What will unfold between the three parties described above as things get serious and our house really starts to burn? There is conflict matter of immense magnitude, and the stakes are unprecedented. Both lifestyles and survival are at stake.
In my view, three battles will be fought on this battlefield in the coming years, which can ultimately merge into each other in such a way that the third battle can be won by the Basics (= scenario 1) or can completely stop the third battle in its tracks (scenario 2).
Let's unwind scenario 1 first..

Scenario 1

The first battle is the fight between Green Growers and Usuals to make all economic processes emission-free in time to keep climate change below 2 degrees. However, it already appears that we are approaching 2 degrees right now and heading straight for 3 to 5 degrees, partly because fatal positive feedback loops have already been activated that will start to significantly deteriorate CO2 uptake capacity.

Such an overshoot will immediately start the second battle, between central governments and Usuals. Governments have so far been very supportive of owner decisions. They put some taxes in the way here and there, but that's just tickling.

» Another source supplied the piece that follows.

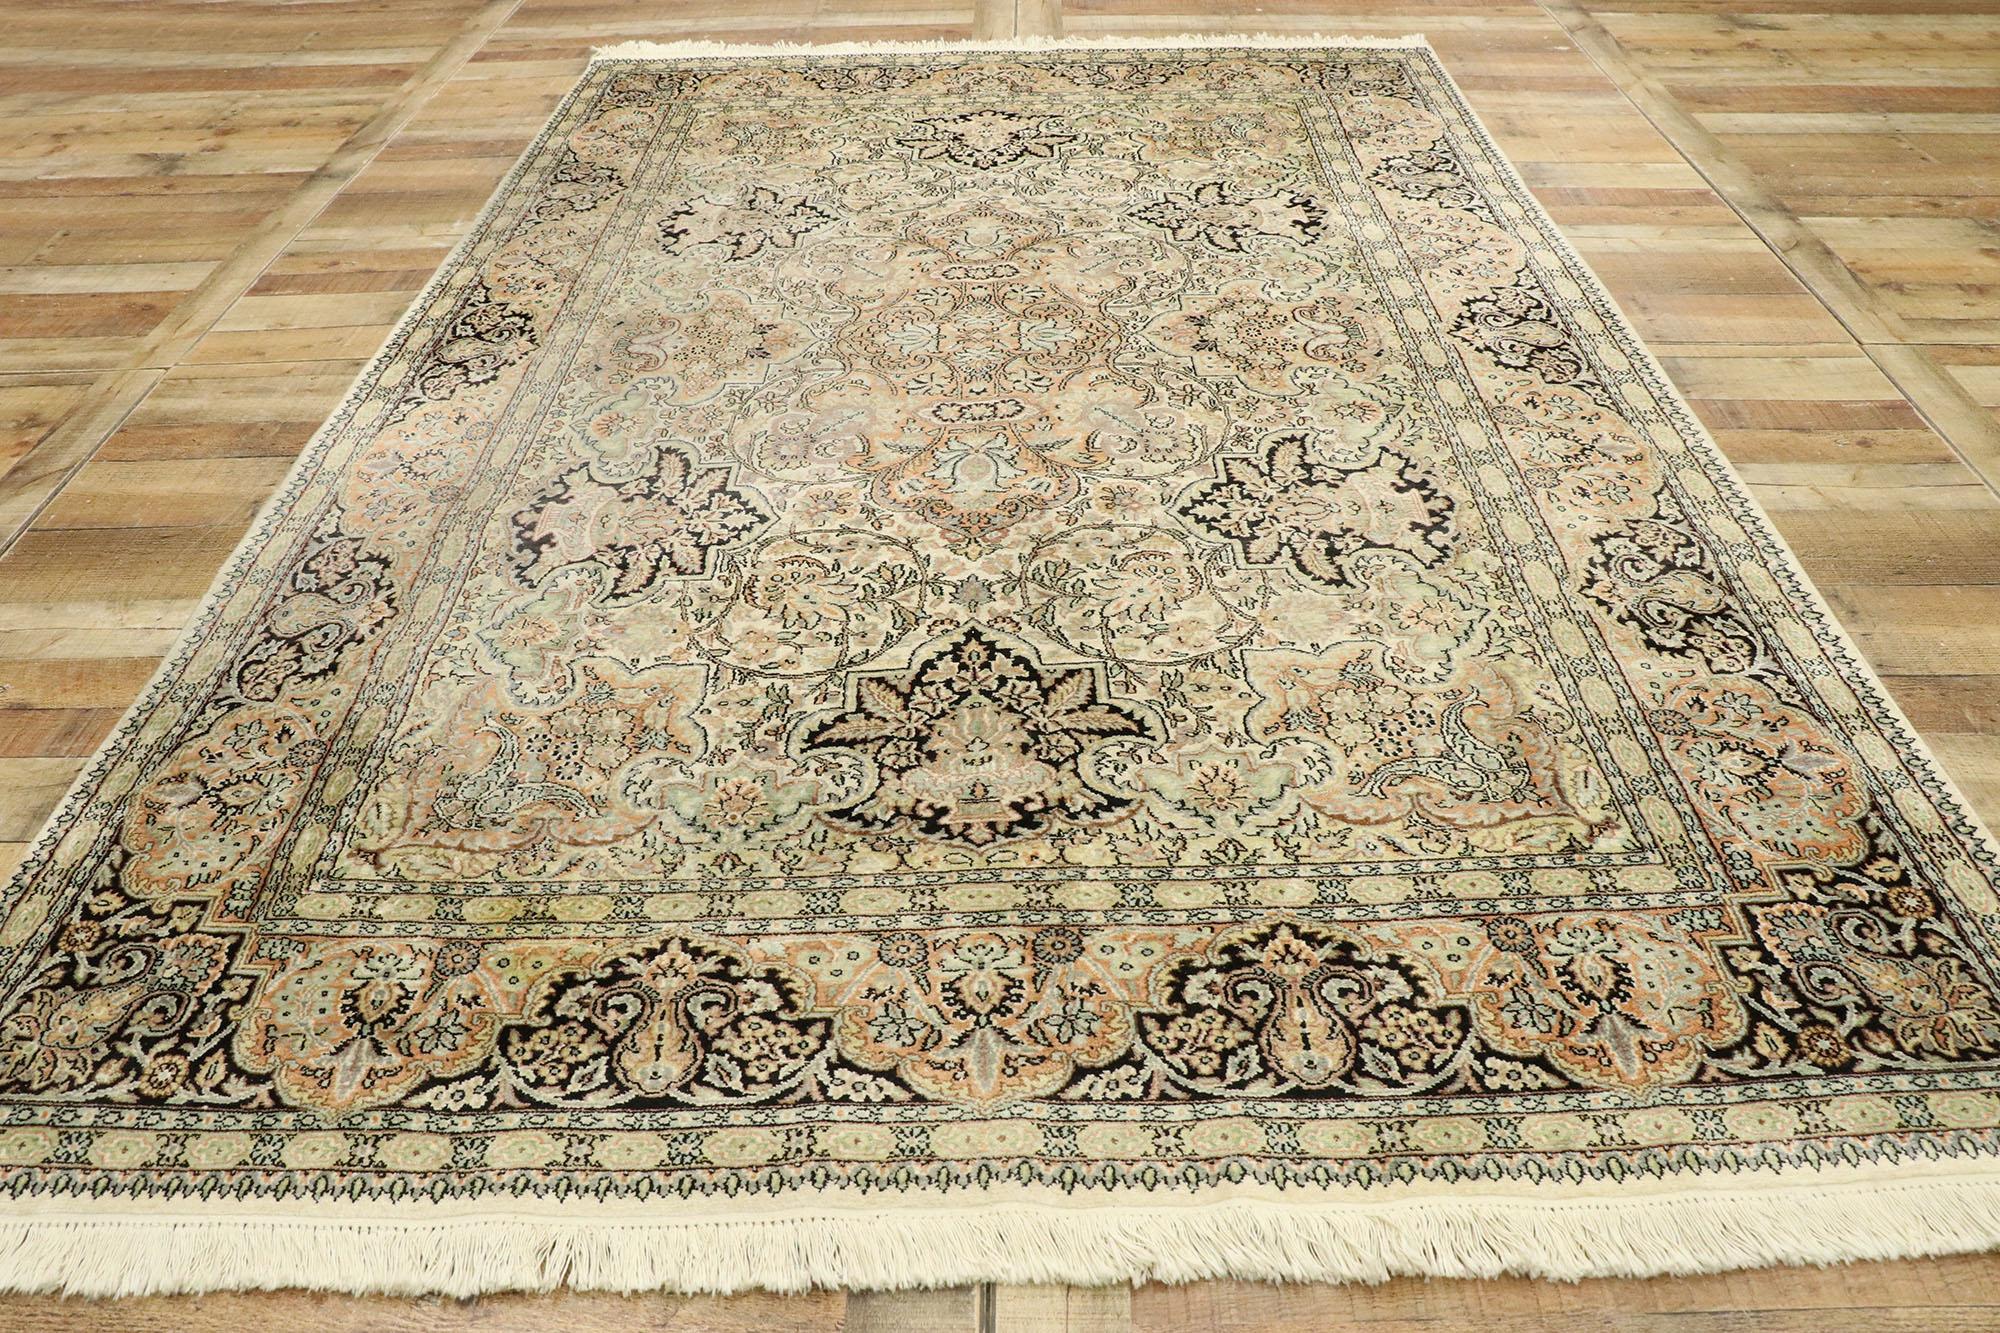 Vintage Indian Kashmir Rug with Art Nouveau Rococo Style In Good Condition For Sale In Dallas, TX
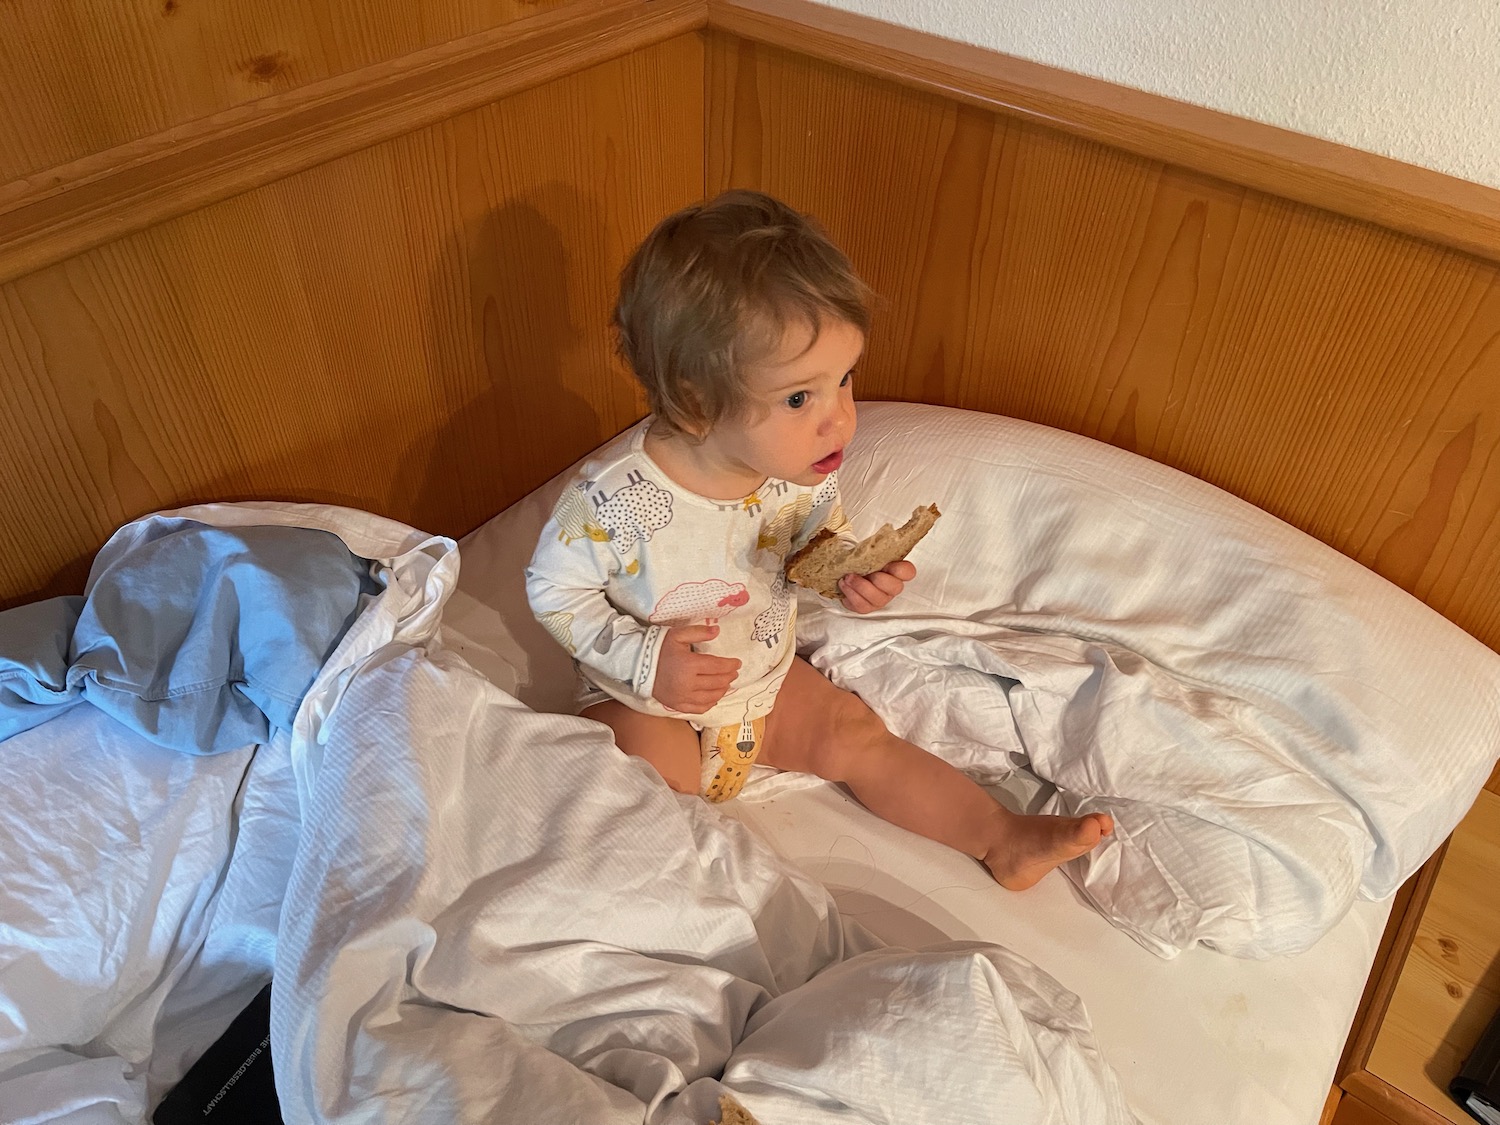 a baby eating food on a bed

However, the moment (= the moment it is foreseen that the first battle will be lost) that the climate bear turns out to be absolutely unstoppable (not even by future carbon removal), governments will start to tighten the thumbscrews on emissions. This recent international initiative (i.e. Global Solidarity Levies Task Force) provides a preview of what those thumbscrews might look like. As a consequence, the international flows (long chain production, trade, transport) will dry up, and governments will take over the ownership decision around the local production of services and products applying rationing to meet the basic needs of the population (for whose well-being they are totally responsible) with minimal emissions.

Meanwhile, the third battle will then be able to push the outcome of the second battle in a certain direction. The third battle is that between Basics and governments. and owners. It consists of the ongoing struggle of young people − already for years, but now in an increasingly fierce and massive way − to organize their own living and working environment as emission-free and as basic as possible. It is a battlefield because most of them run into the wall of establishment requirements (technical standards on education and equipment, social security charges, compulsory insurance) and financing (im)possibilities, time after time.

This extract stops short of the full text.